Does the IIT entrance need a rejig?

GN Bureau | October 3, 2011



Infosys co-founder N R Narayanamurthy has claimed that nearly 80 percent of the students who crack the IIT entrances are of questionable calibre. He punched holes in the IITs' selection procedure saying that it took no more than coaching institutions getting students to mug a set of problems to crack the entrance exam.

The HRD ministry has proposed a sharing of weightage between a SAT-like test (doing away with the decades old IIT-JEE) and performance in Class 12 board exams. Though the proposal is hardly a holistic way of marking eligibles, the ministry is hedging its bets with it. However, groups of IITians (currently at college and alumni who have graduated) have opposed the move online saying that the JEE is "good enough and time-tested" and that the weightage for board performances will be unnecessarily complicated with students from many boards appearing the exam.
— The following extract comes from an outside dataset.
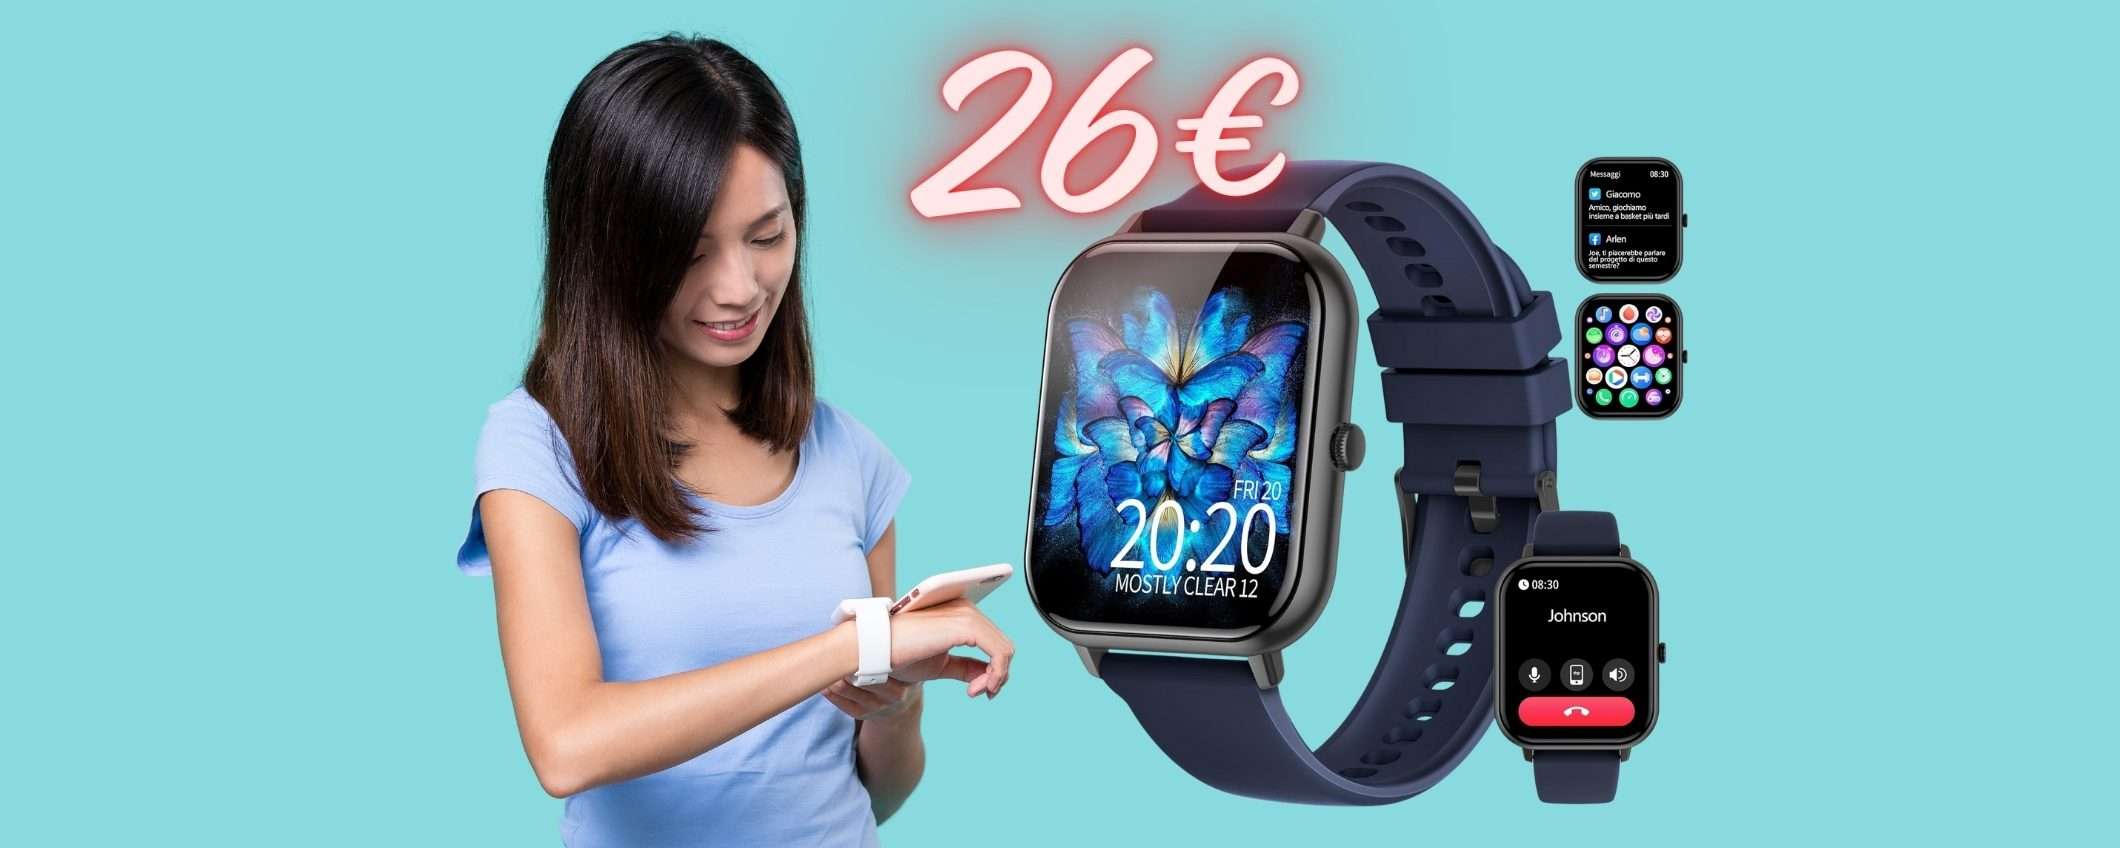 Smartwatch PAZZESCO a PREZZO ASSURDO, solo su Amazon tuo a 26€
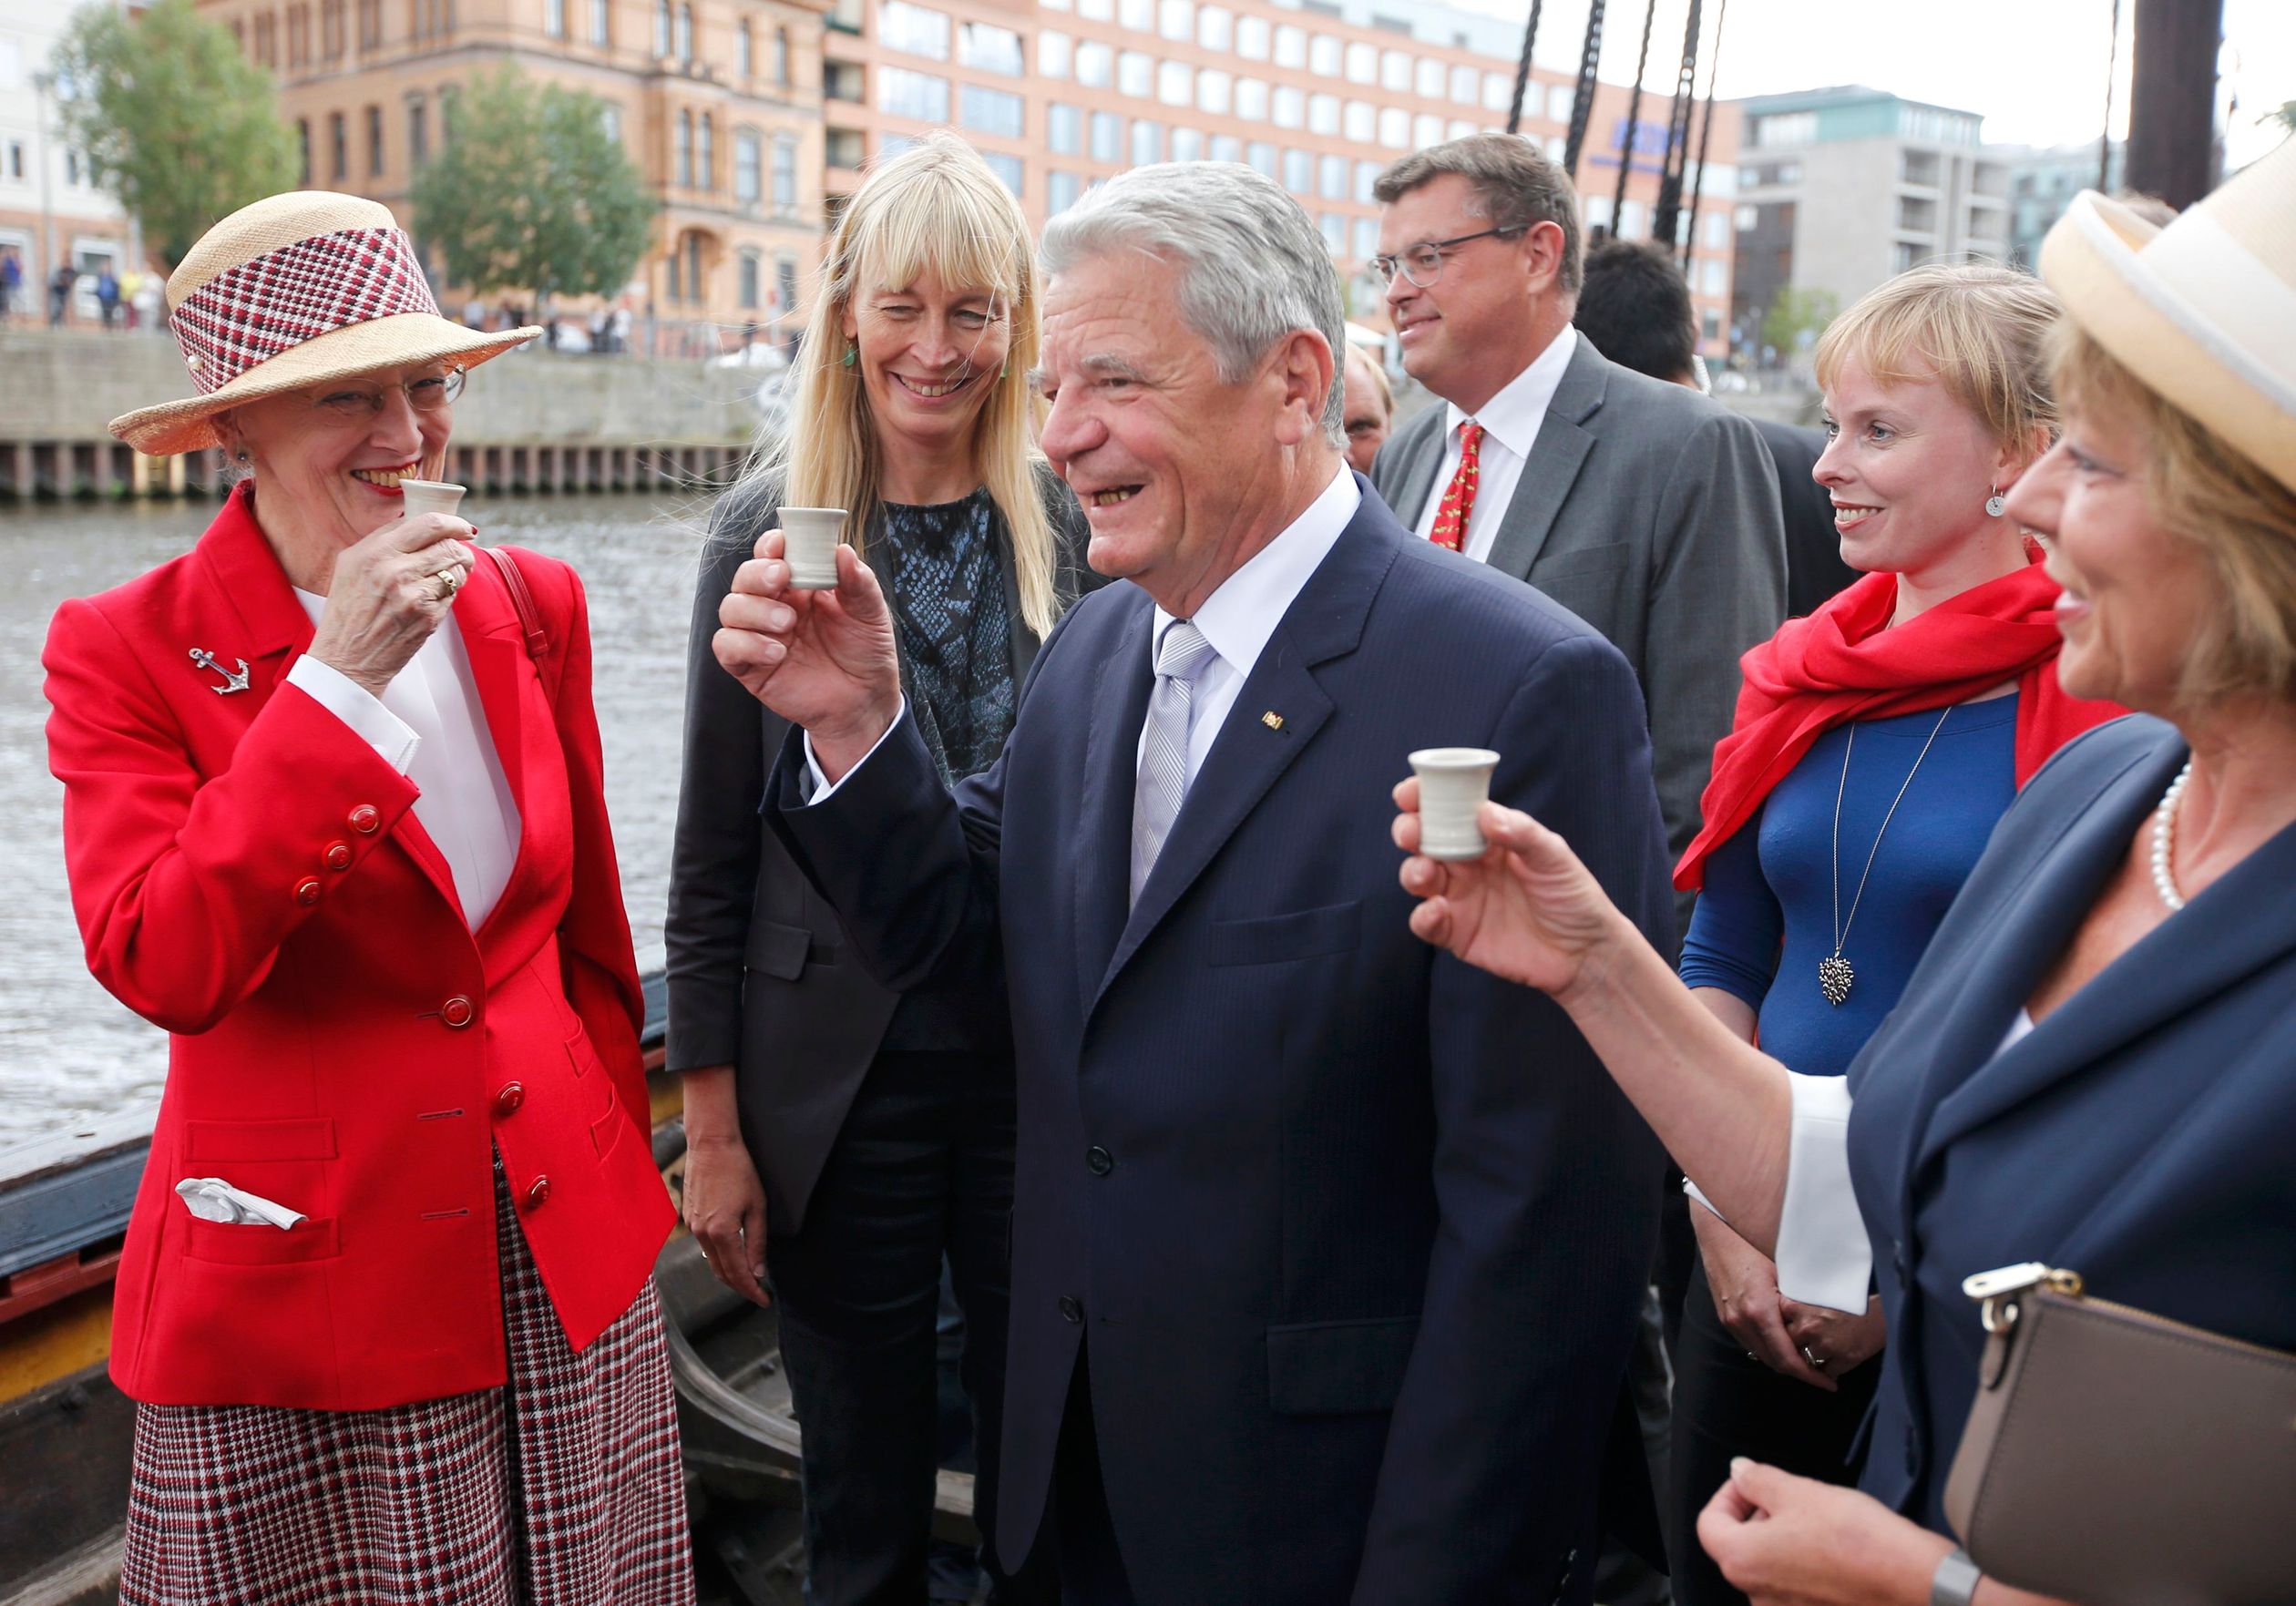 2014: koningin Margrethe II van Denemarken toast met traditionele Deense Mead-honingwijn met de Duitse president Joachim Gauck en zijn partner Daniela Schadt.

While Narayanmurthy may have indeed pointed at a systemic flaw in the selection procedure, he also undermined the stringency and the screening capabilities of the test. After all, it is this 'subpar' students who make the cut from a pool of a few lakhs. But at the same time, it can't be ignored that the tests are hardly holistic, thereby ignoring many attributes that are necessary to maintain quality of students at the apex institutes.

Thus, our poser is if the IIT entrance really needs a rejig or not.